* Exercise description: Reproduce the listing below character for character; drop every image.

* Data below:
• • • •
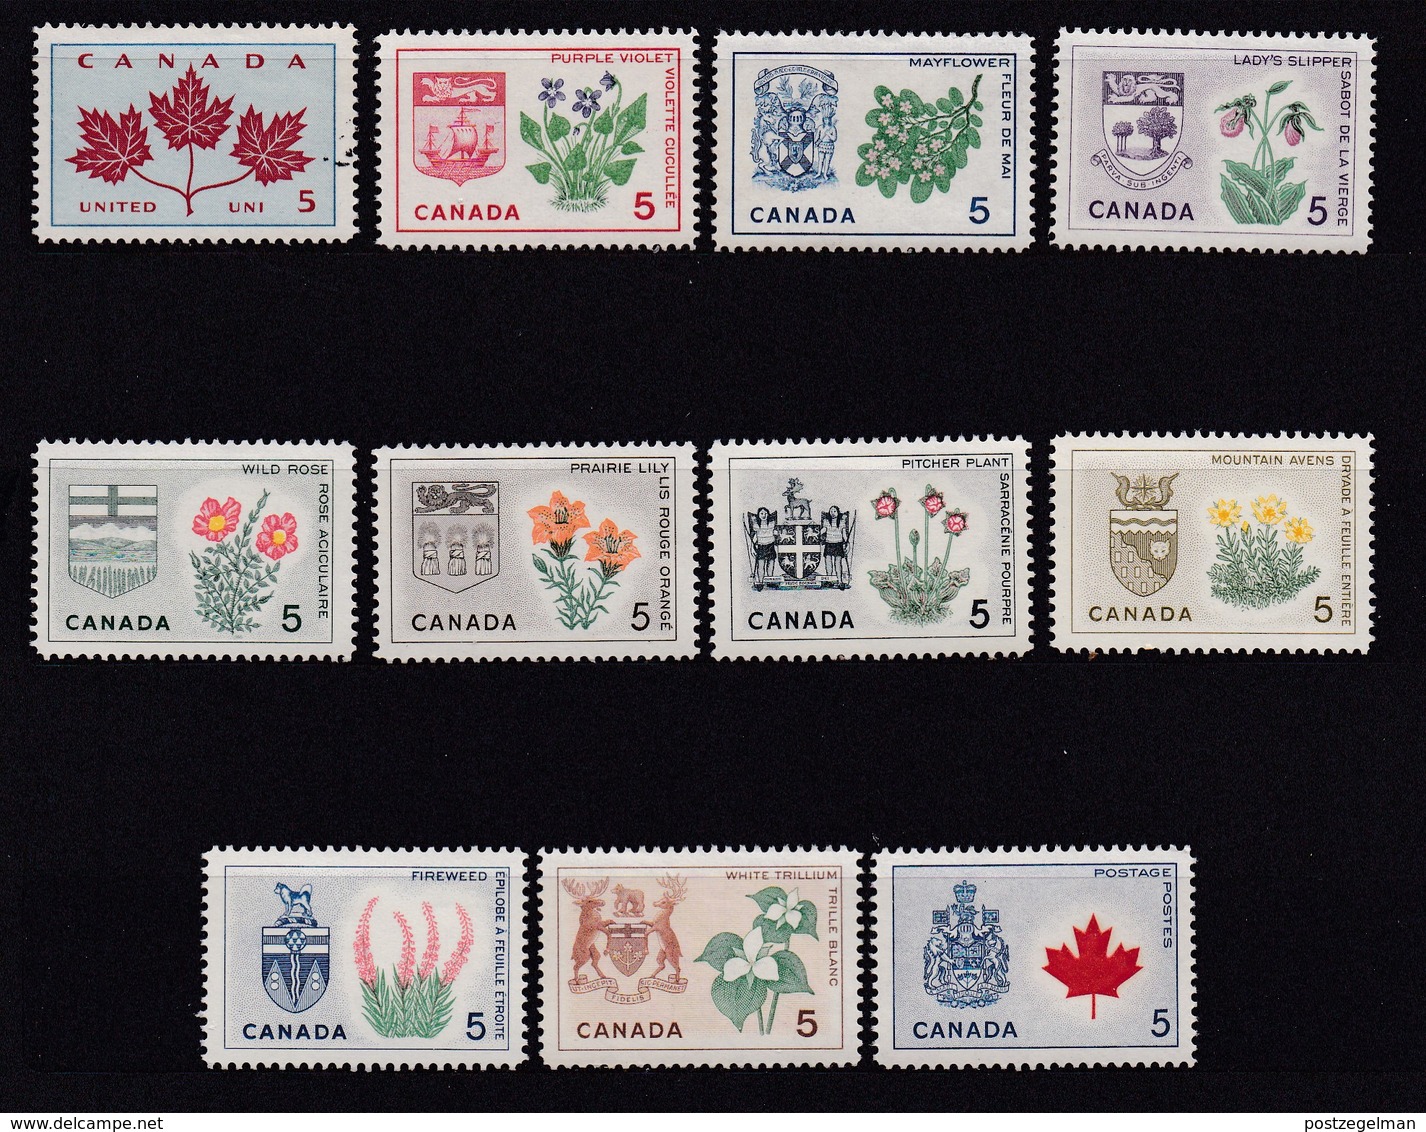 CANADA, 1964, Mint Never Hinged Stamp(s), Provincial Badges,  Michel 362-374, M5523, 11 Values Only - Unused Stamps
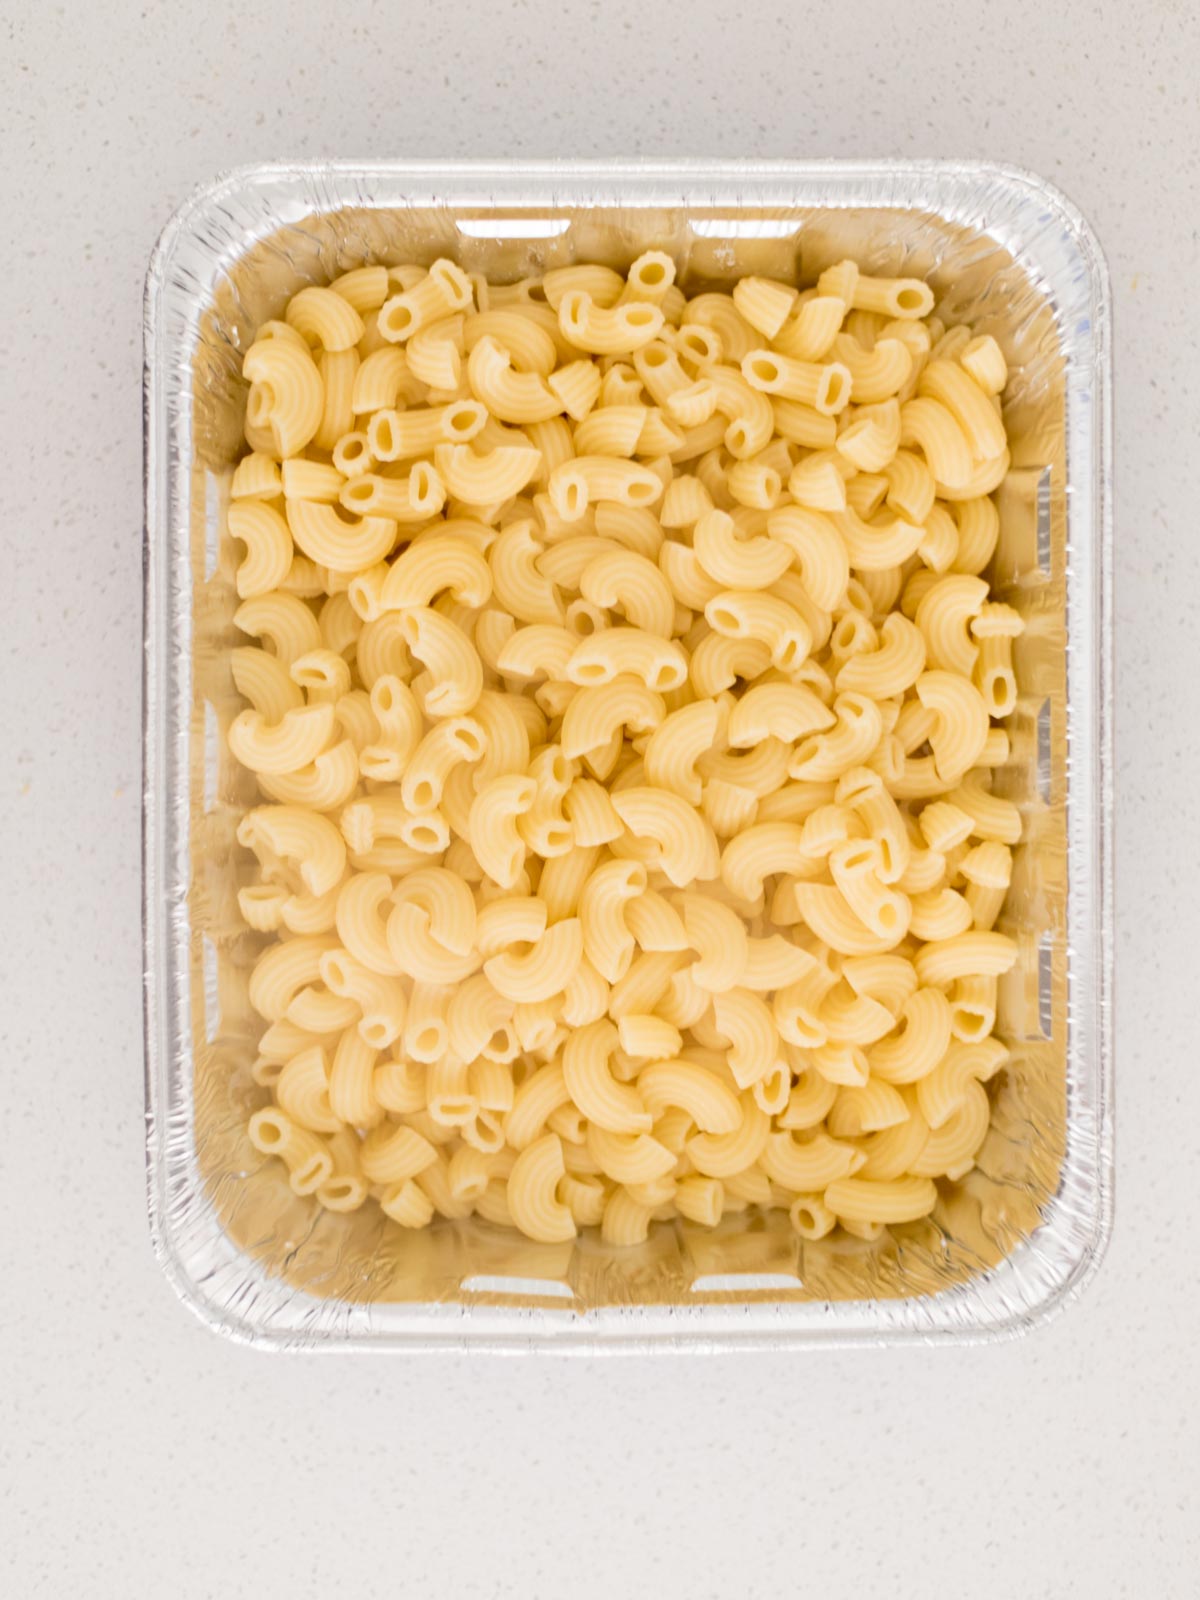 cooked elbow pasta added to a disposable cake pan
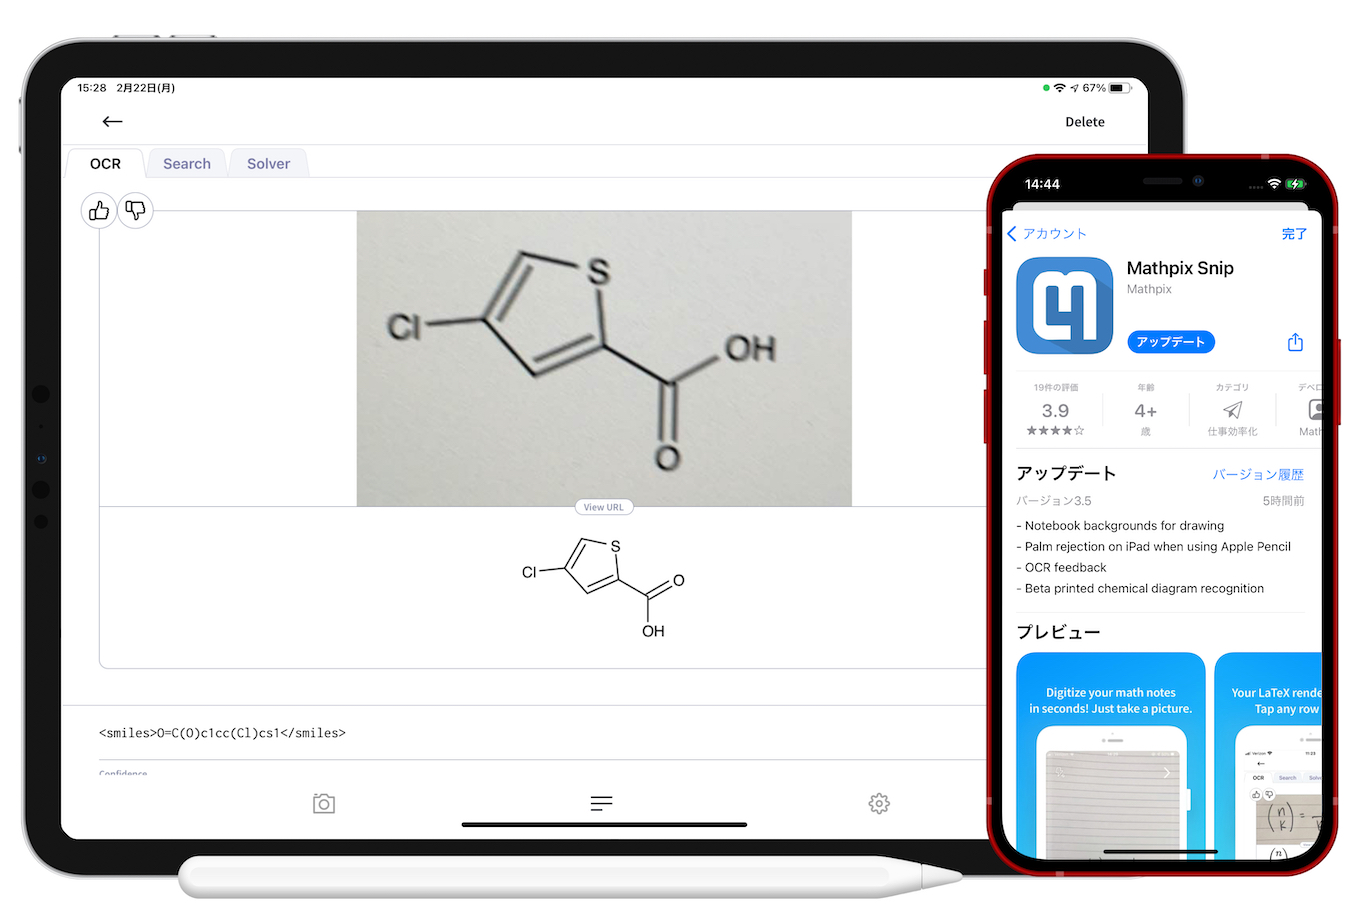 Mathpix Snip for iOS support Palm Rejection and chemical diagram recognition
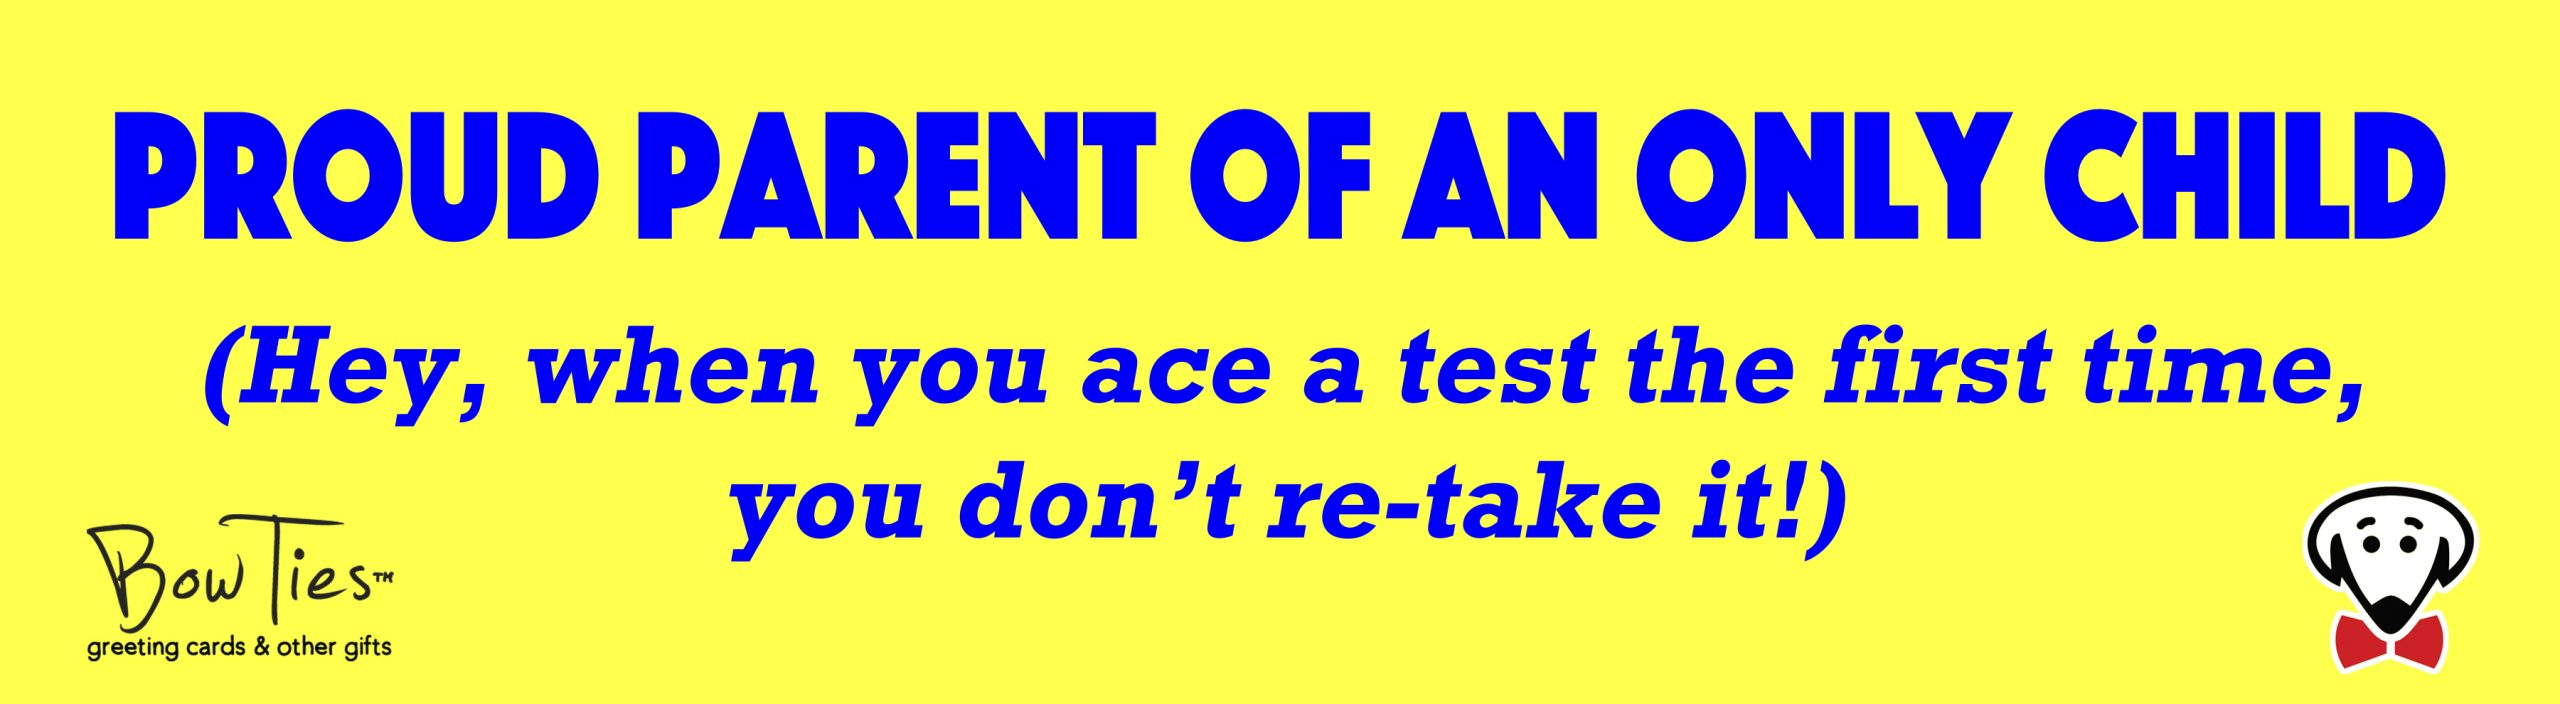 PROUD PARENT OF AN ONLY CHILD (Hey, when you ace a test the first time, you don’t re-take it) – sticker
• • • •
* Output for this task:
 CANADA, 1964, Mint Never Hinged Stamp(s), Provincial Badges,  Michel 362-374, M5523, 11 Values Only - Unused Stamps
 cooked elbow pasta added to a disposable cake pan
 Mathpix Snip for iOS support Palm Rejection and chemical diagram recognition
 PROUD PARENT OF AN ONLY CHILD (Hey, when you ace a test the first time, you don’t re-take it) – sticker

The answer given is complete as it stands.